:: Task requirements ::
Exactly the lines from the one with "My home is at" through the end of the data below must be set down, and no pictures with them.

:: Data segment ::
Start of Block
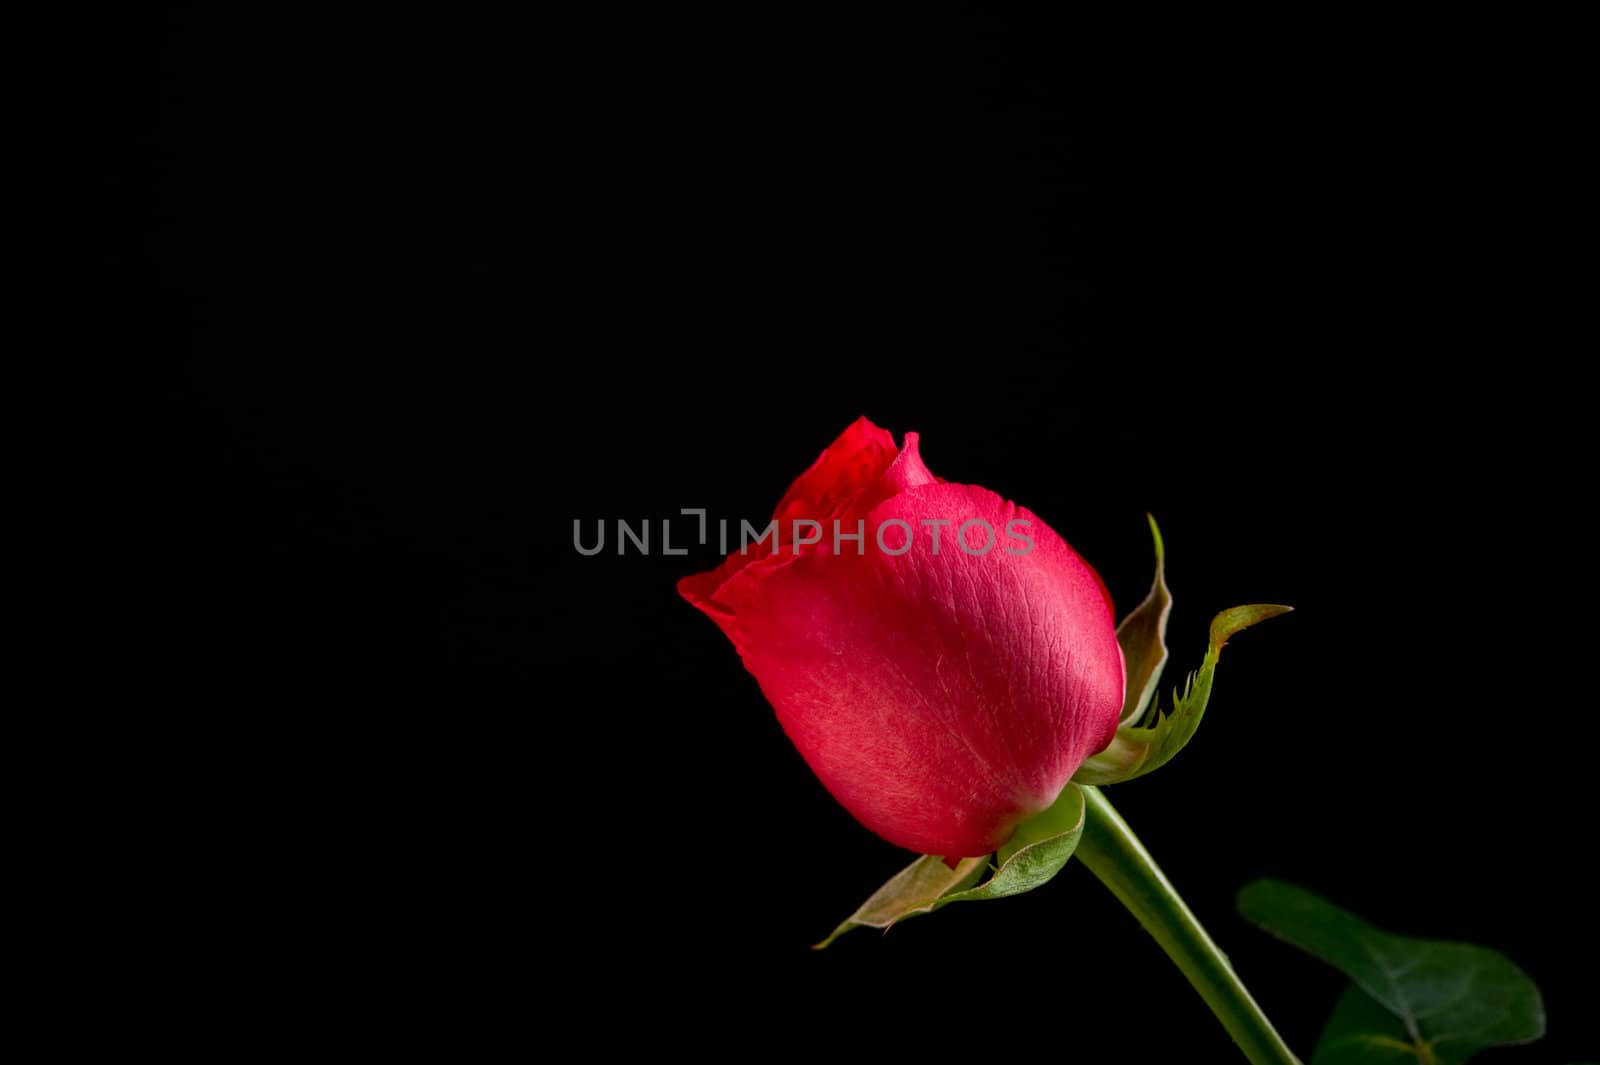 Image of a single red rose on black background
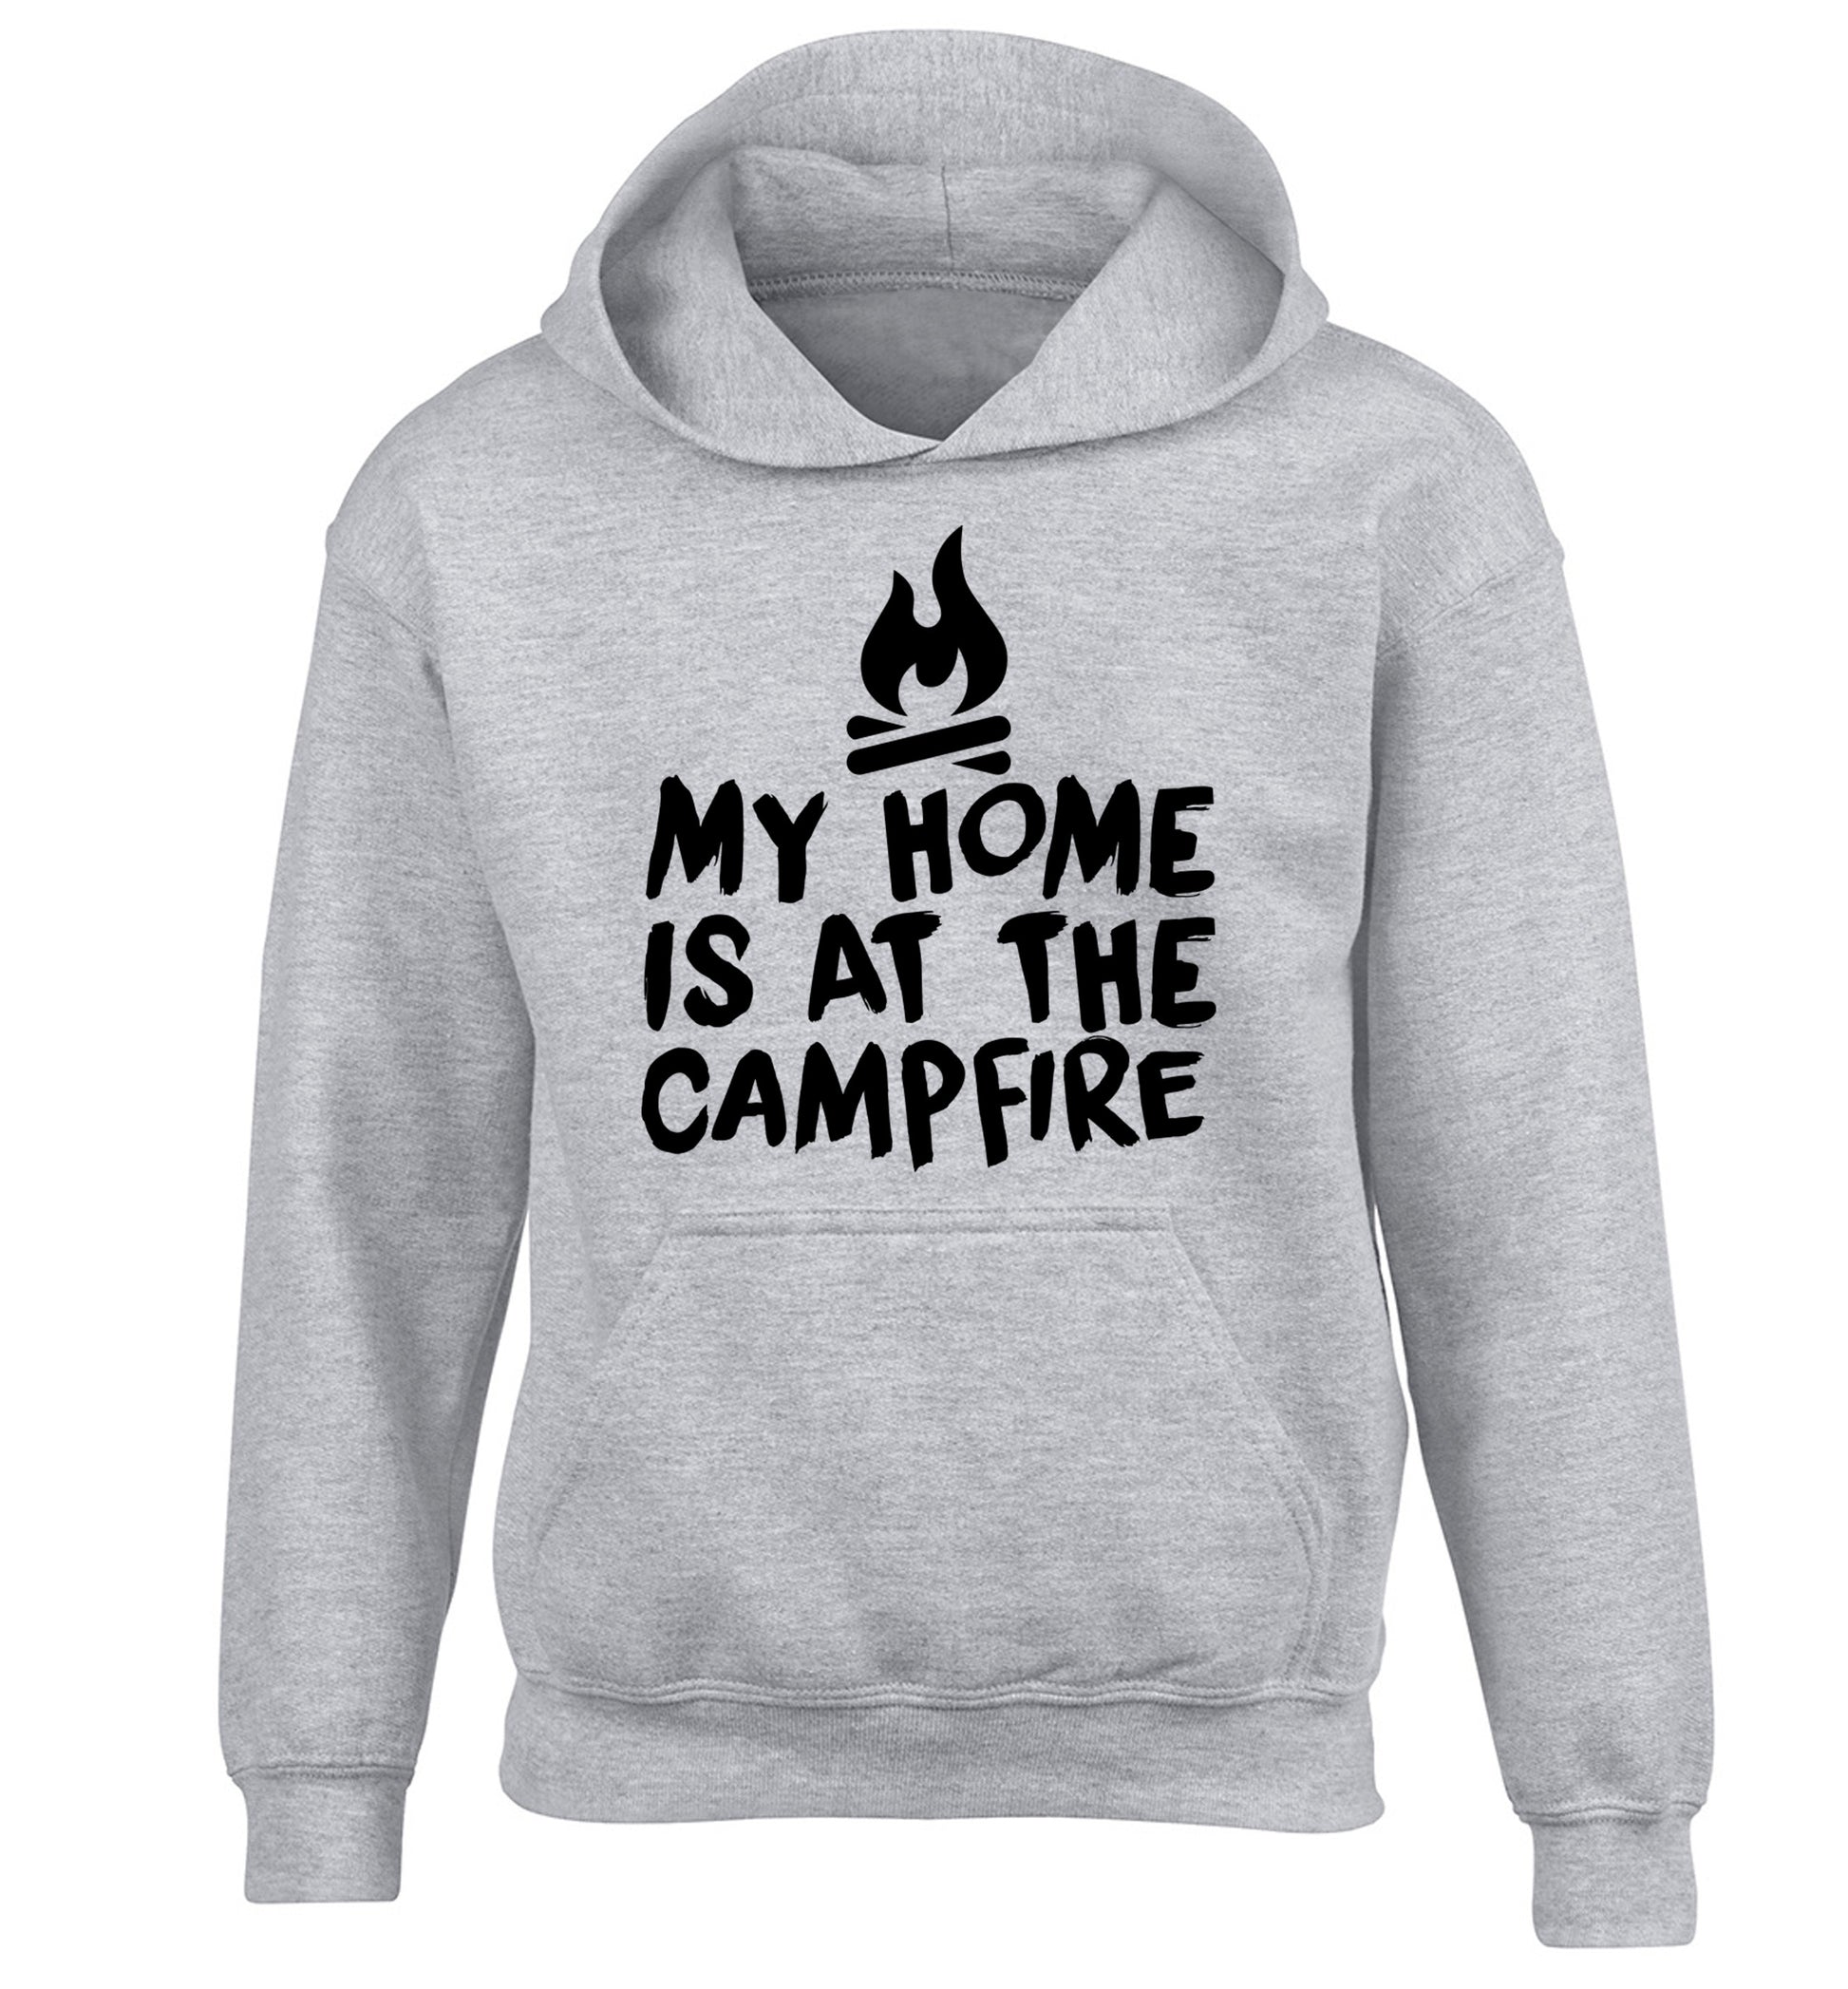 My home is at the campfire children's grey hoodie 12-14 Years
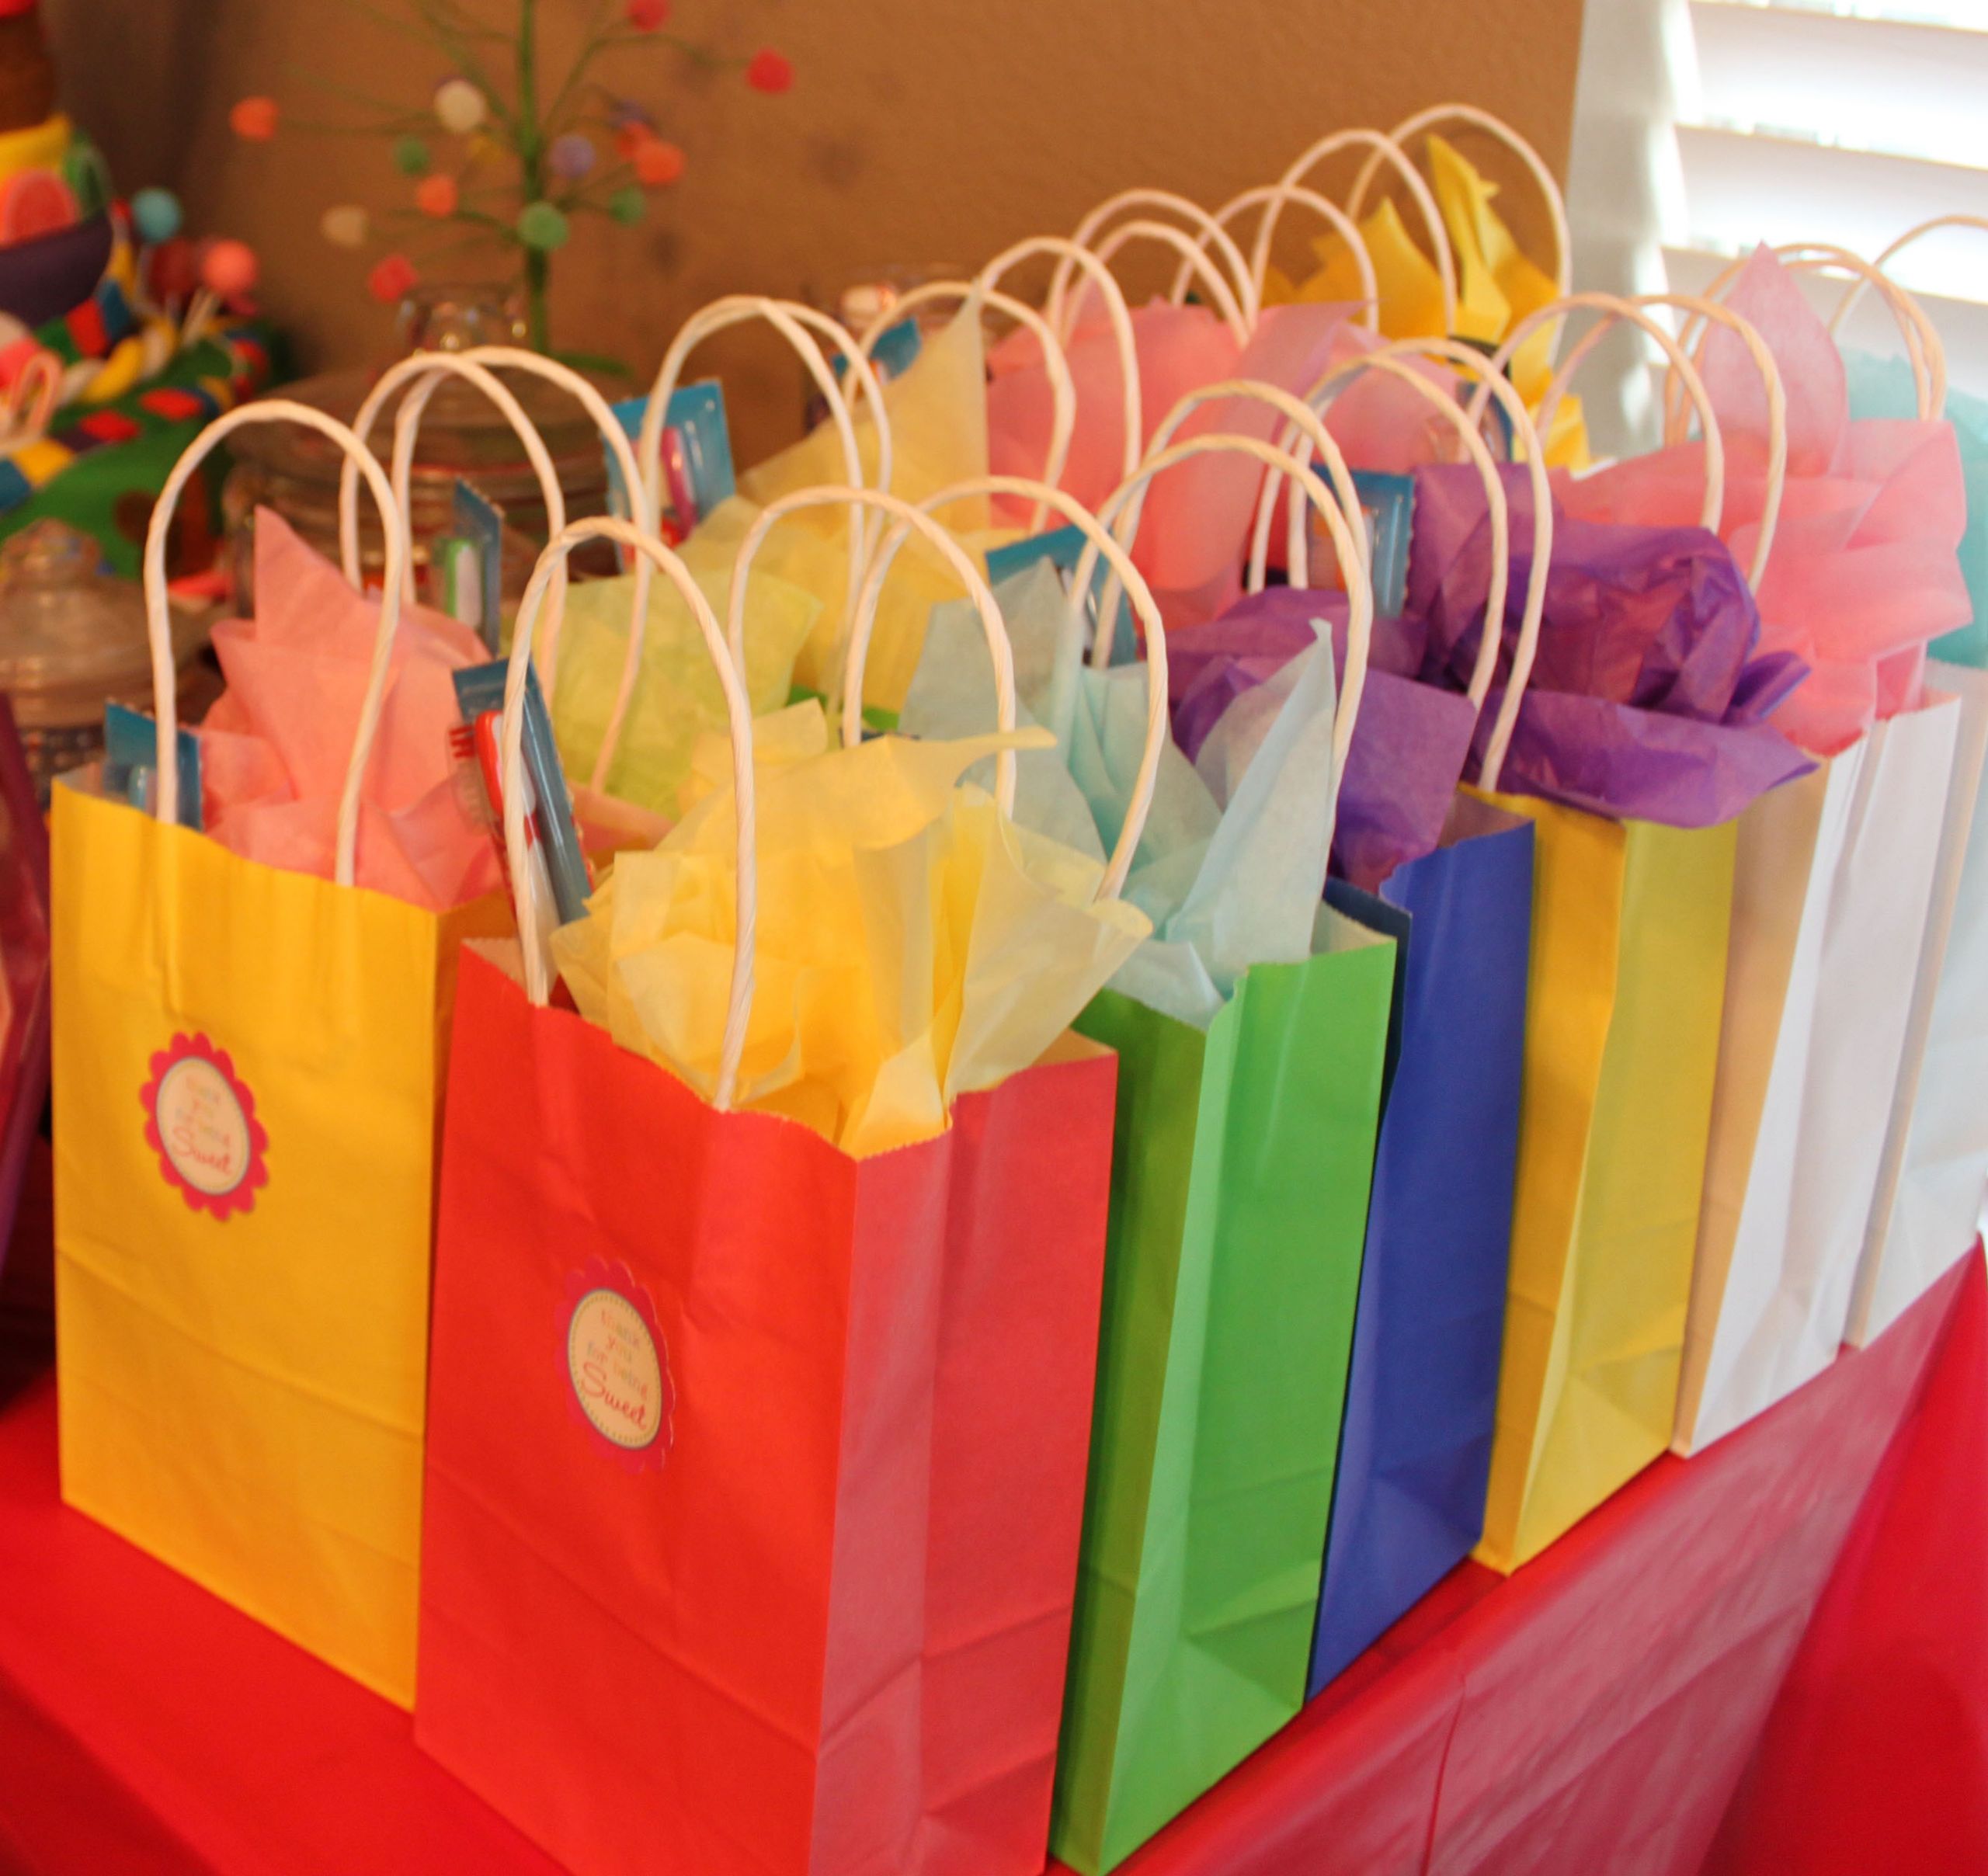 Birthday Party Treat Bag Ideas
 Candy Land Party
End of Block
:: Solution to this exercise ::
 My home is at the campfire children's grey hoodie 12-14 Years
 Birthday Party Treat Bag Ideas
 Candy Land Party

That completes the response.